RE: Time for timber to face the harsh realities of their own making
By Owen Graham
April 16, 2016
I'd like to offer a few corrections to the Boat Company letter that was posted on Sitnews on Friday, April 8, 2016.
The Boat Company letter says Viking Lumber is threatening to close down unless they can continue cutting down old growth trees. What the Boat Company does not seem to understand is that sawmills cannot physically manufacture lumber without a log supply. It is just a reality, not a threat.
Next the Boat Company asserts that the old-growth trees are ecologically irreplaceable and old-growth logging has been incredibly destructive to bears, salmon, birds, wolves, and other wildlife. Actually, the old-growth trees are a renewable resource and all of the past timber harvest areas are fully restocked and growing very well. How long the trees will be allowed to grow is a different issue.
The average old-growth trees are about 200 years old and the normal harvest age for the young growth stands is about 90 to 100 years. At that age, the young growth will have about double the volume of the original stands and the trees will have little or no defect and will be large enough to sustain a profitable sawmill operation. If the young trees are harvested sooner, as proposed by the Wilderness Society and the current political appointees in Washington DC, the volume will be less than the original stands and the trees will be too small to support a profitable sawmill operation.
The Boat Company must also be unaware that the salmon runs have doubled since logging commenced, particularly in the most heavily harvested watersheds like the Harris River and Staney Creek. Logging has not harmed fish habitat.
The Boat Company is also misinformed about wildlife and logging. Wildlife populations are doing fine in the areas that we have harvested in the past. Wolf populations on Prince of Wales Island may be at a low cycle now, but not because they are starving; there are lots of deer for them to eat. In addition, many of the logging roads that were constructed are used by hunters, sport fishermen and other recreationists.

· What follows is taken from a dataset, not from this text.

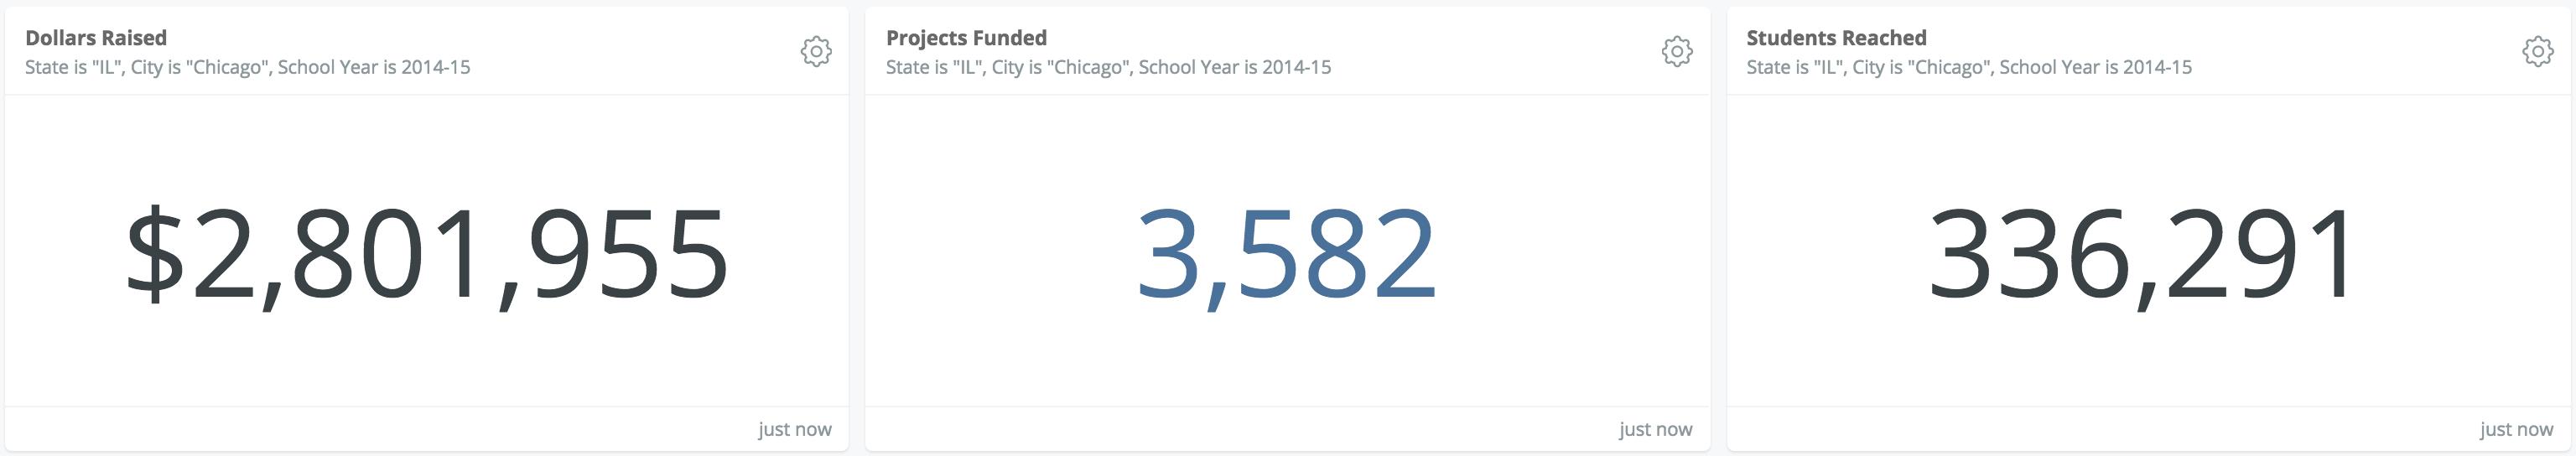 Chicago 2014-2015

The Boat Company claims that the timber companies have benefited from vast public subsidies. That's simply false. Granted, the Forest Service often spends more on its environmental impact statements than it receives in stumpage from timber companies, but that is not a subsidy to the timber industry. The industry receives no benefit from those environmental impact statements and the industry pays competitive prices for what little timber is made available. By the way, the Forest Service made a significant profit on the Big Thorne timber sale that is currently being harvested on Prince of Wales. That's because it is a big, cost effective project comprised of mature (old growth) timber.
Thanks for the opportunity to correct the Boat Company's misstatements.
Received April 14, 2016 - Published April 16, 2016
About: Owen Graham is the Executive Director of the Alaska Forest Association. "The AFA is a non-profit business association that was formed in 1957 to represent the interests of the timber industry in Southeast Alaska. The AFA currently manages a pension program, a group health insurance program, a scholarship program for the timber industry and also sponsors the Sustainable Forestry Initiative program for Alaska. Our members businesses and their employee s lives are dependent upon a reliable supply of timber."